The concept of reckoning moments also refines dominant “rock bottom” narratives. Participants often described pivotal events, but the data do not support a simple model in which extreme suffering automatically produces desistance. Rather, reckoning moments were significant because they condensed prior losses into a moment of clarity. They made action feel urgent. Change is therefore better understood as arising from the interaction between cumulative deterioration and a subjectively powerful trigger (Monterosso & Ainslie, 2007), not from “bottoming out” alone.
Taken together, the findings support a grounded theory account in which pre-desistance is socially embedded, psychologically complex as well as temporally extended. It is socially embedded because it unfolds in relation to stigma, family ties, peer networks, and culturally specific meanings of shame and reputation. It is psychologically complex because it involves identity strain, ambivalence, fear, and hope. It is temporally extended because the decision to move toward desistance emerges gradually, even when participants later narrate it through a decisive turning point.
For the Maltese context, the findings underscore that desistance from heroin careers cannot be understood outside the social environment in which addiction is lived. In a small island society marked by high visibility and dense interpersonal networks, both stigma and support may be intensified. Desistance pathways may therefore be shaped not only by treatment access, but also by whether individuals encounter reintegrative responses that allow hope, recognition and new identities to emerge.
Final Note
Overall, the developed theory suggests that the beginnings of desistance lie in a shift from enduring heroin-related losses to reinterpreting them as intolerable, meaningful and reversible.
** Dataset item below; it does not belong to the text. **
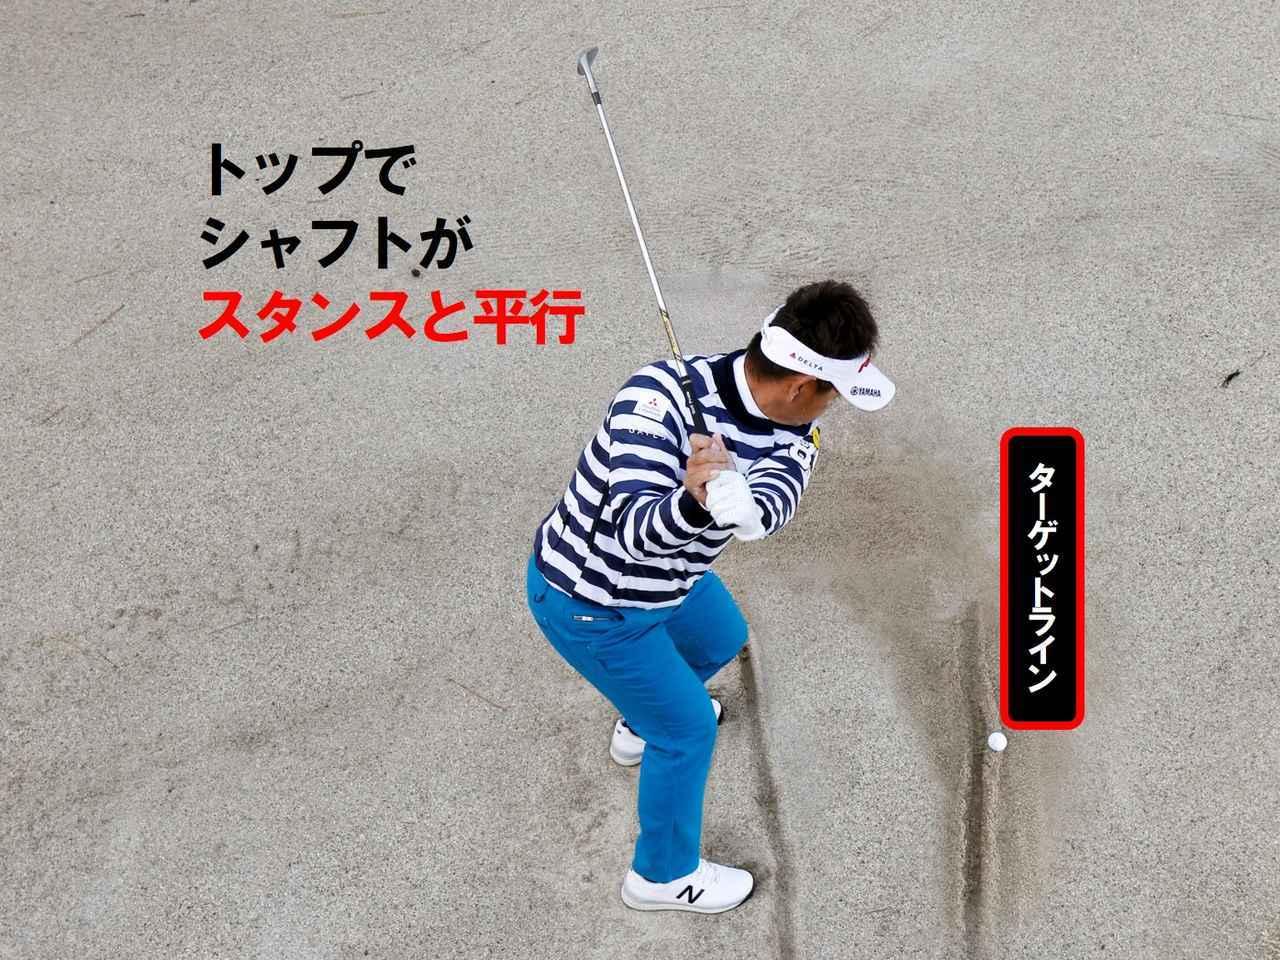 画像: 【左に振っても球は目標方向へ】手の位置、シャフトの向きはスタンスに対してスクェアに振っている証拠。「球はフェースの向く方向へ飛ぶので問題ありません」(藤田)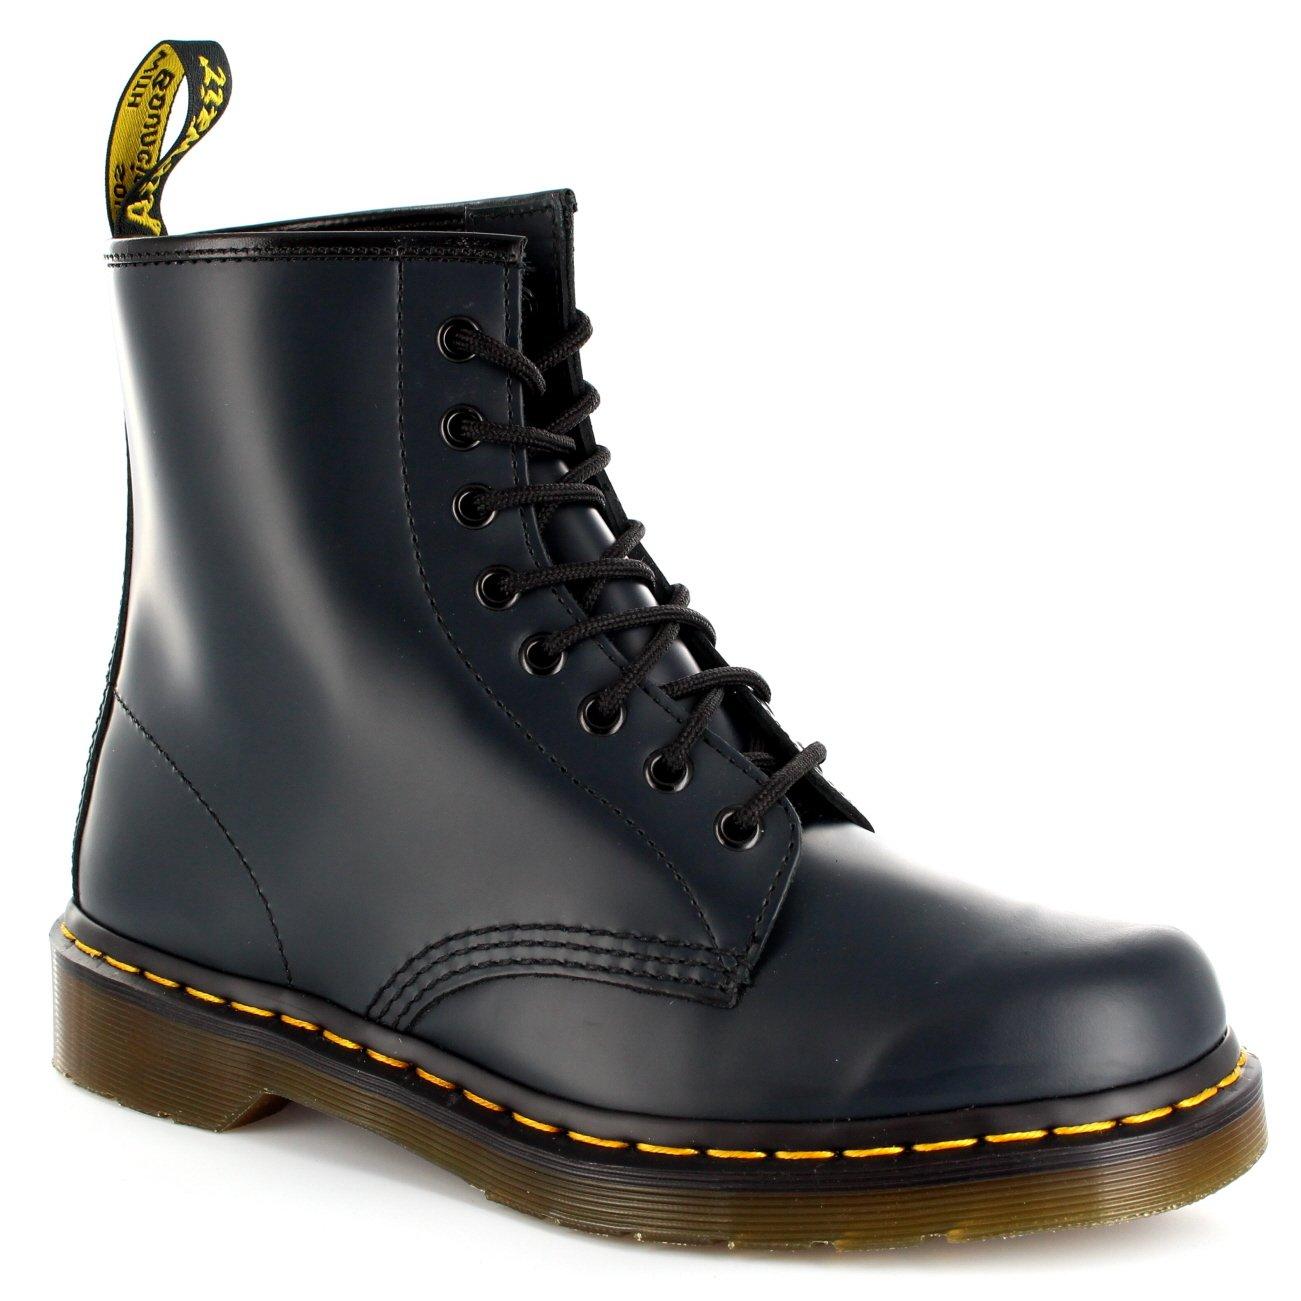 Dr. Martens 1460, Unisex-Erwachsene Stiefel  | Verkaufspreis

This reinterpretation is strengthened when a reckoning moment confronts the individual with the trajectory of continued use, and when hope makes an alternative future imaginable. The pre-desistance stage is therefore best understood not as a passive background to change, but as the crucial period in which the possibility of desistance first becomes psychologically and socially real
Footnotes
Funding
The authors received no financial support for the research, authorship, and/or publication of this article.
Declaration of conflicting interests
The authors declared no potential conflicts of interest with respect to the research, authorship, and/or publication of this article.
Data Availability Statement
Data is not available due to confidentiality.